Data:

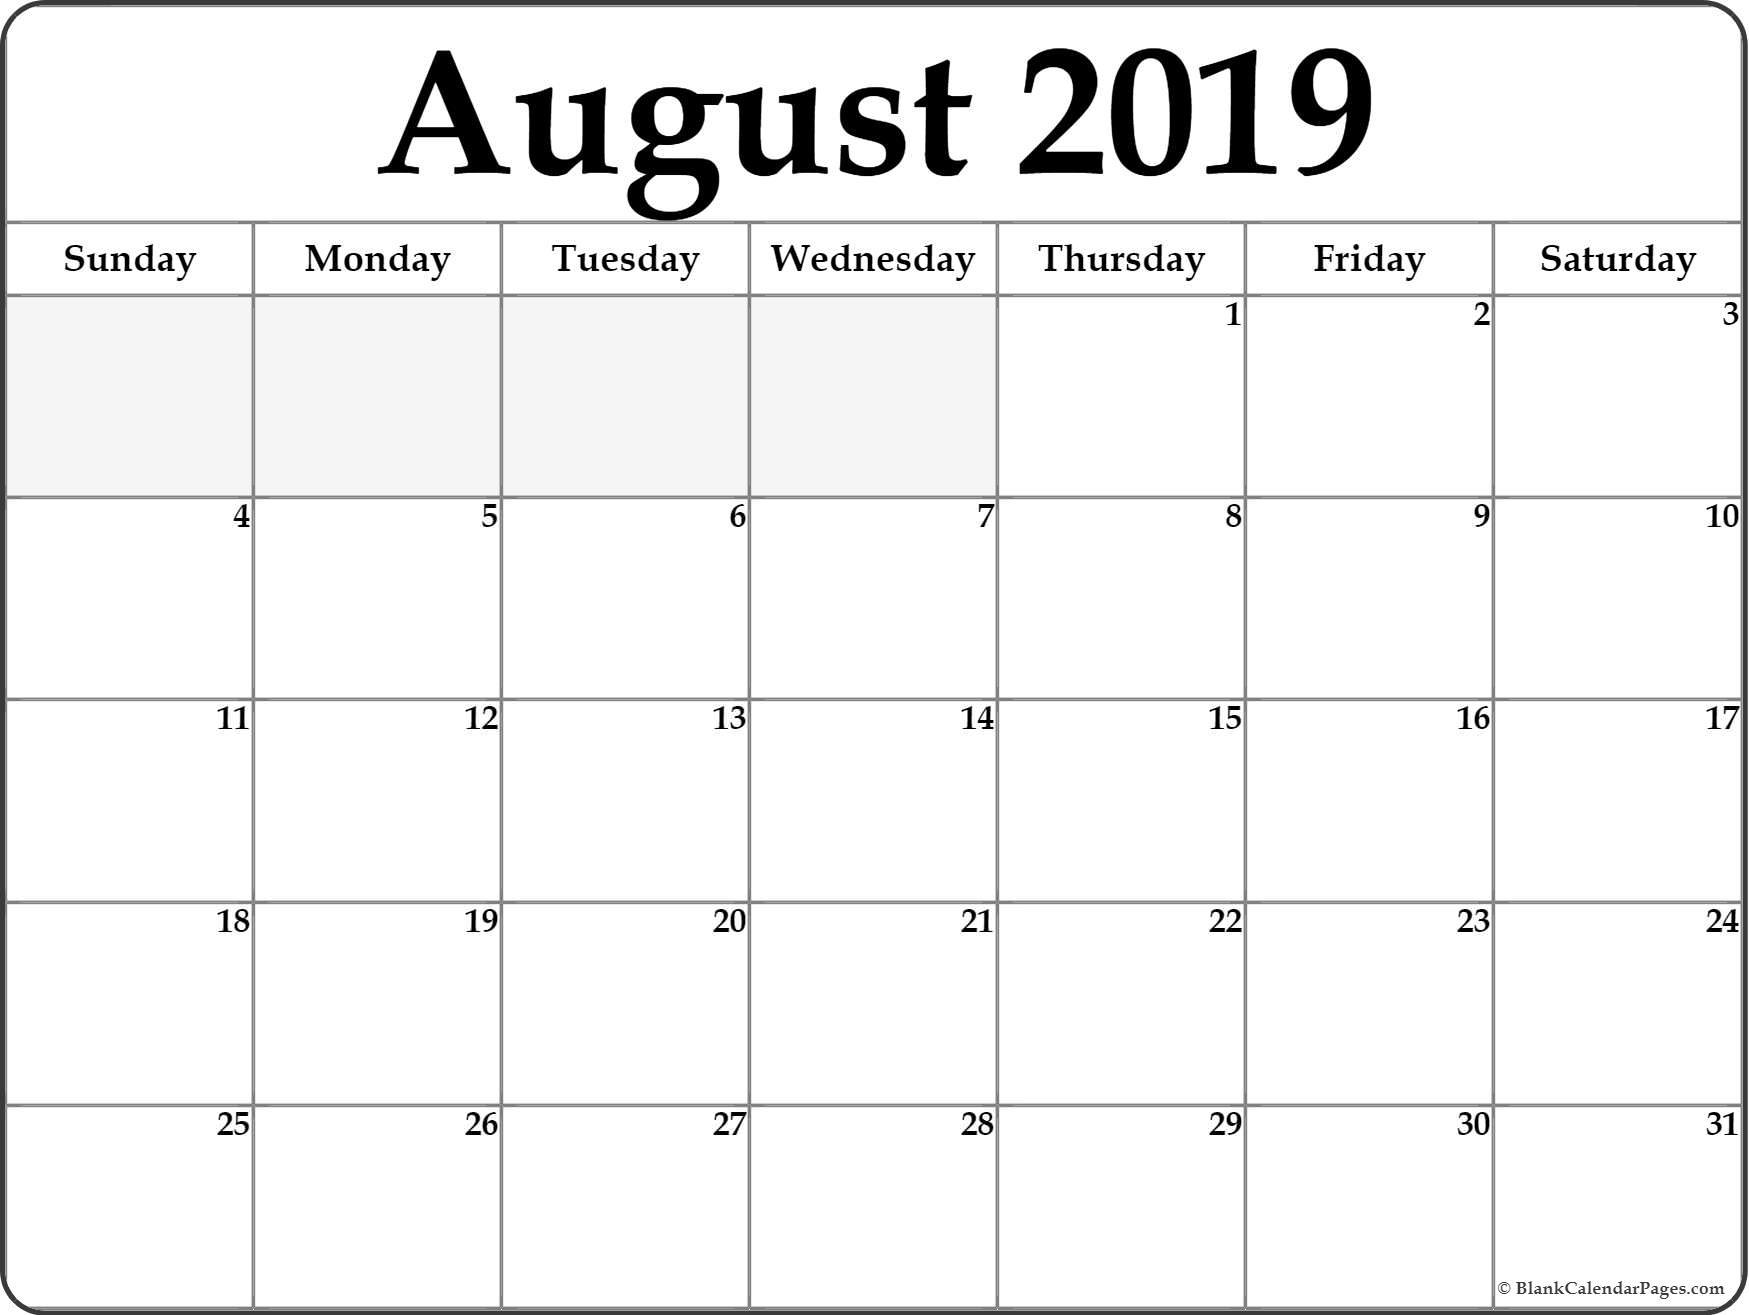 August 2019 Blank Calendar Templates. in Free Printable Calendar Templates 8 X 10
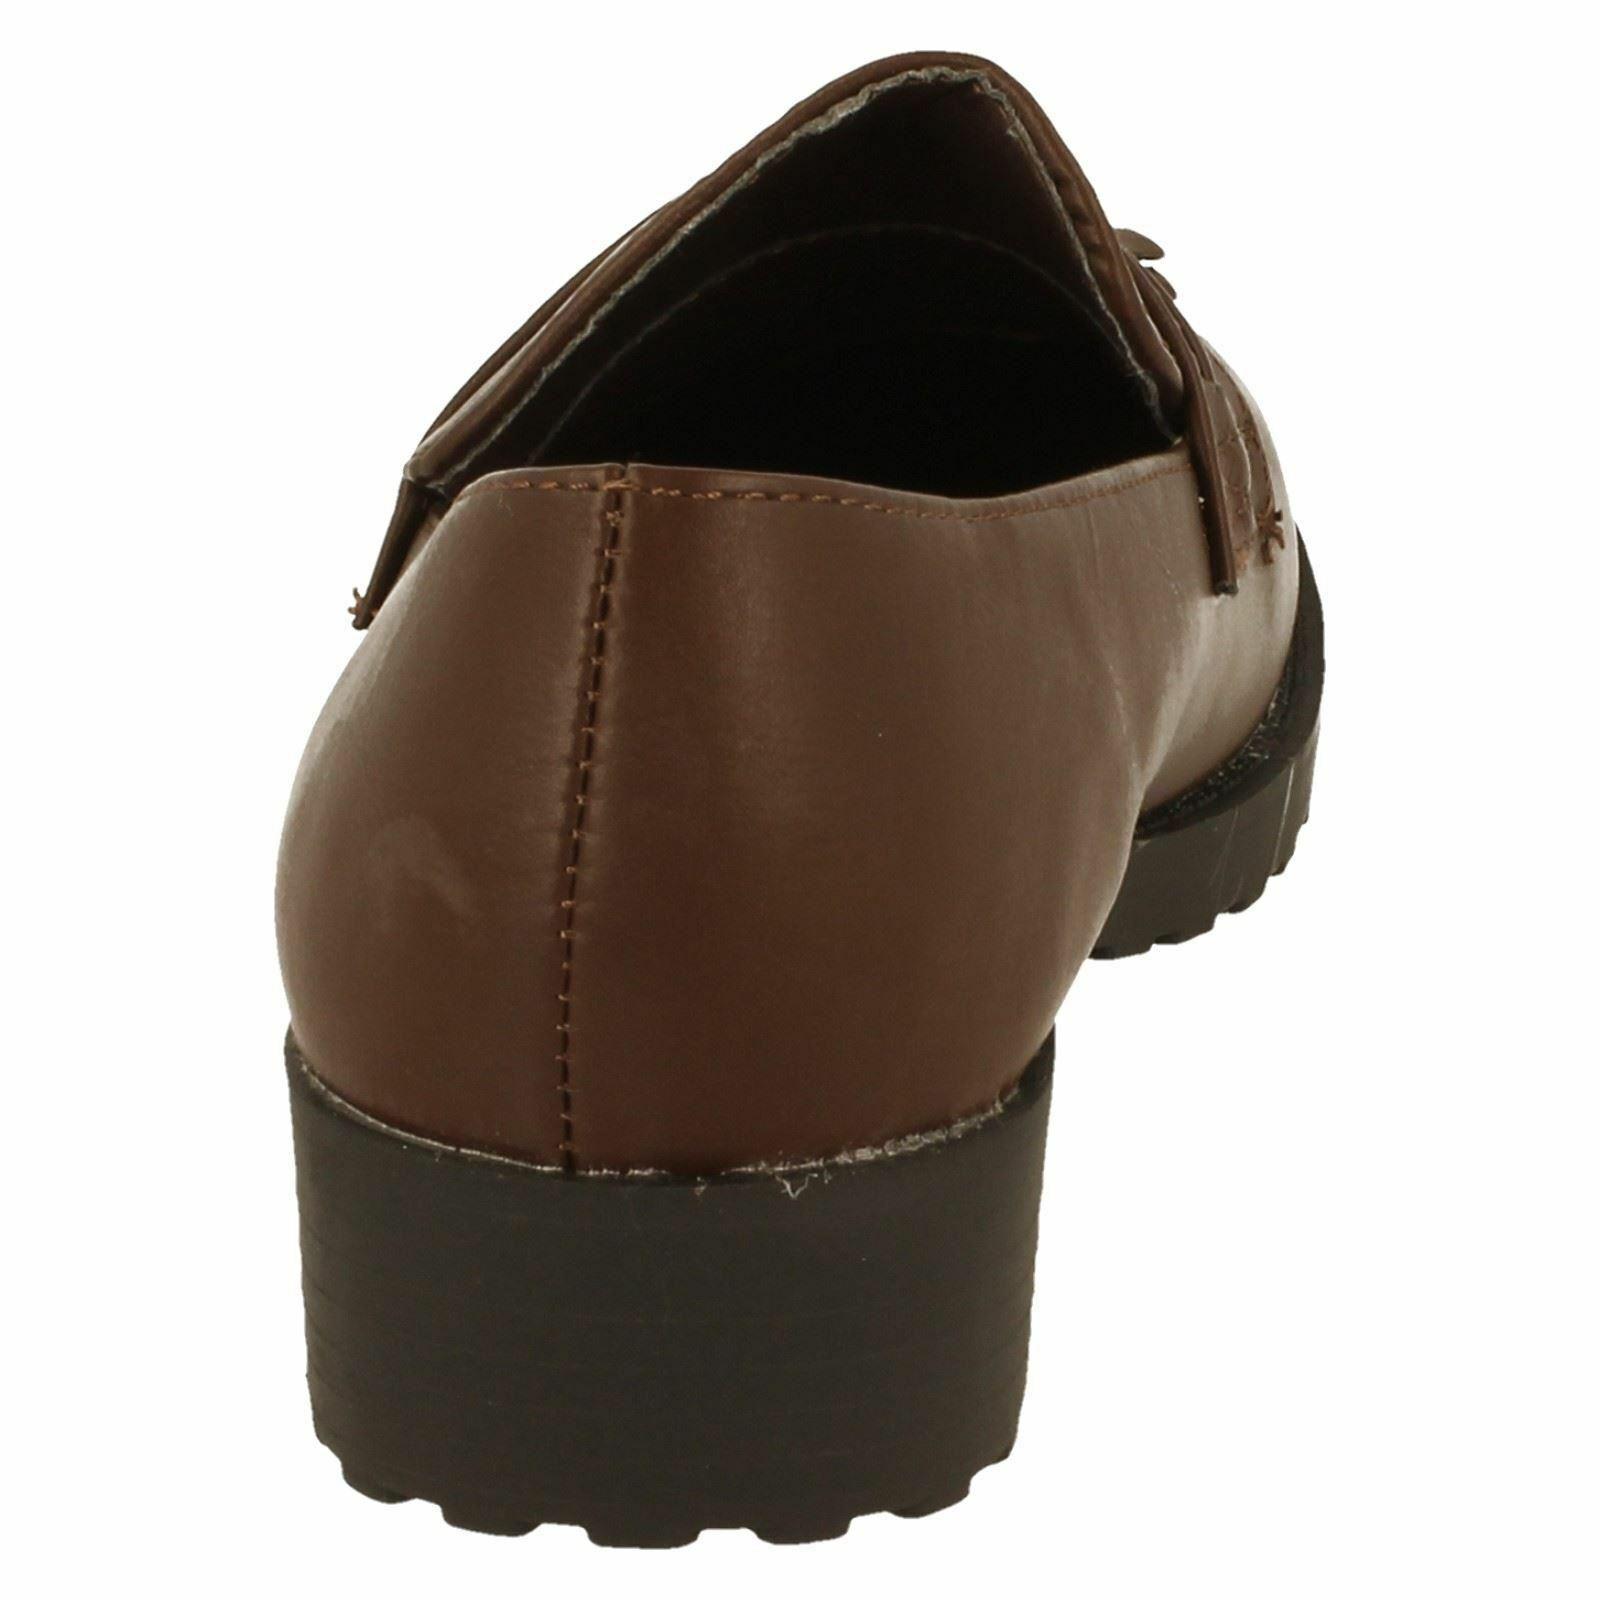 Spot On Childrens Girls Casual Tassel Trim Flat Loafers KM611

--

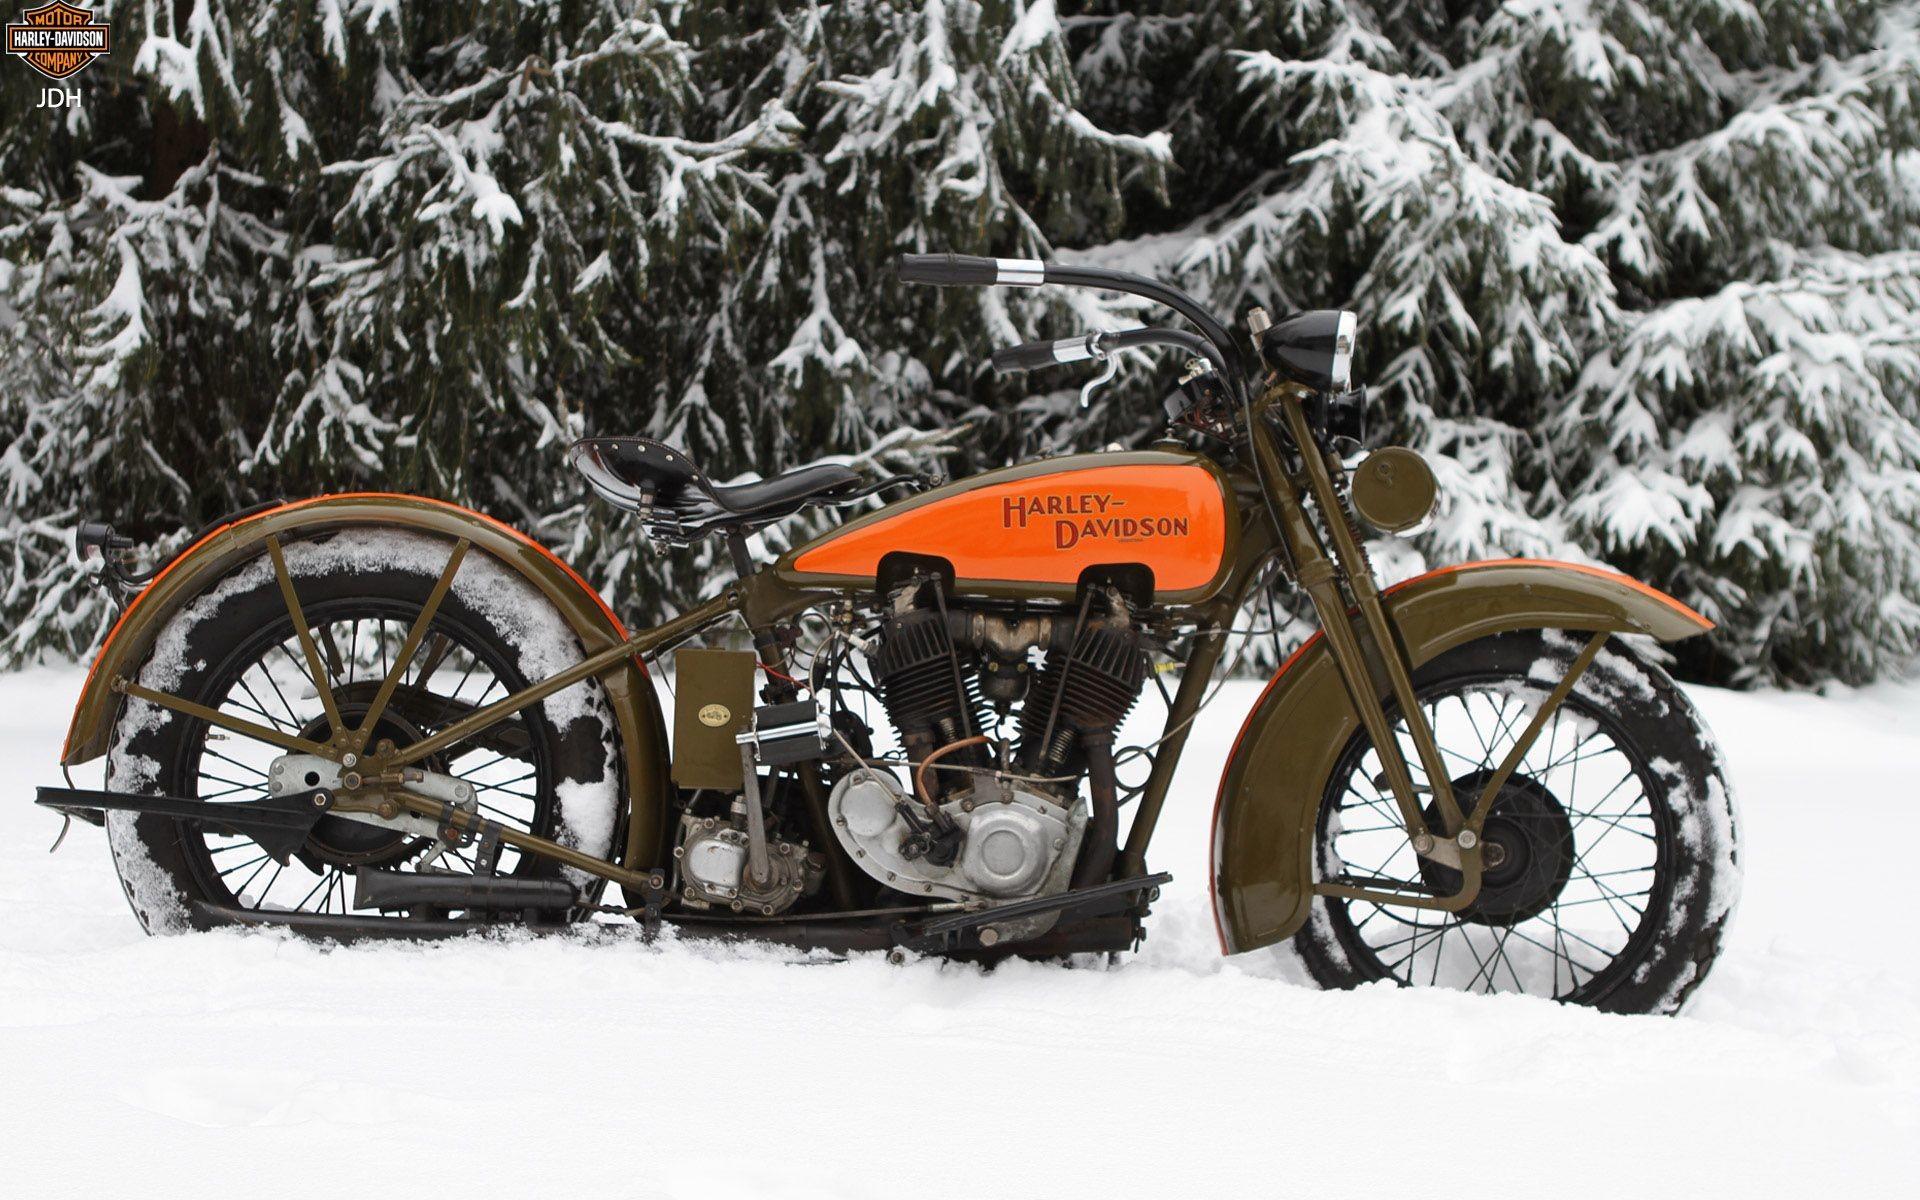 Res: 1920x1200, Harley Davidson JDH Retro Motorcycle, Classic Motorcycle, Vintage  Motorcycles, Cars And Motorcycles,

The task:
Take the material above from the line containing "August 2019 Blank" up to and including the line containing "Spot On Childrens" and retype it exactly, without any pictures.

Expected answer:
 August 2019 Blank Calendar Templates. in Free Printable Calendar Templates 8 X 10
 Spot On Childrens Girls Casual Tassel Trim Flat Loafers KM611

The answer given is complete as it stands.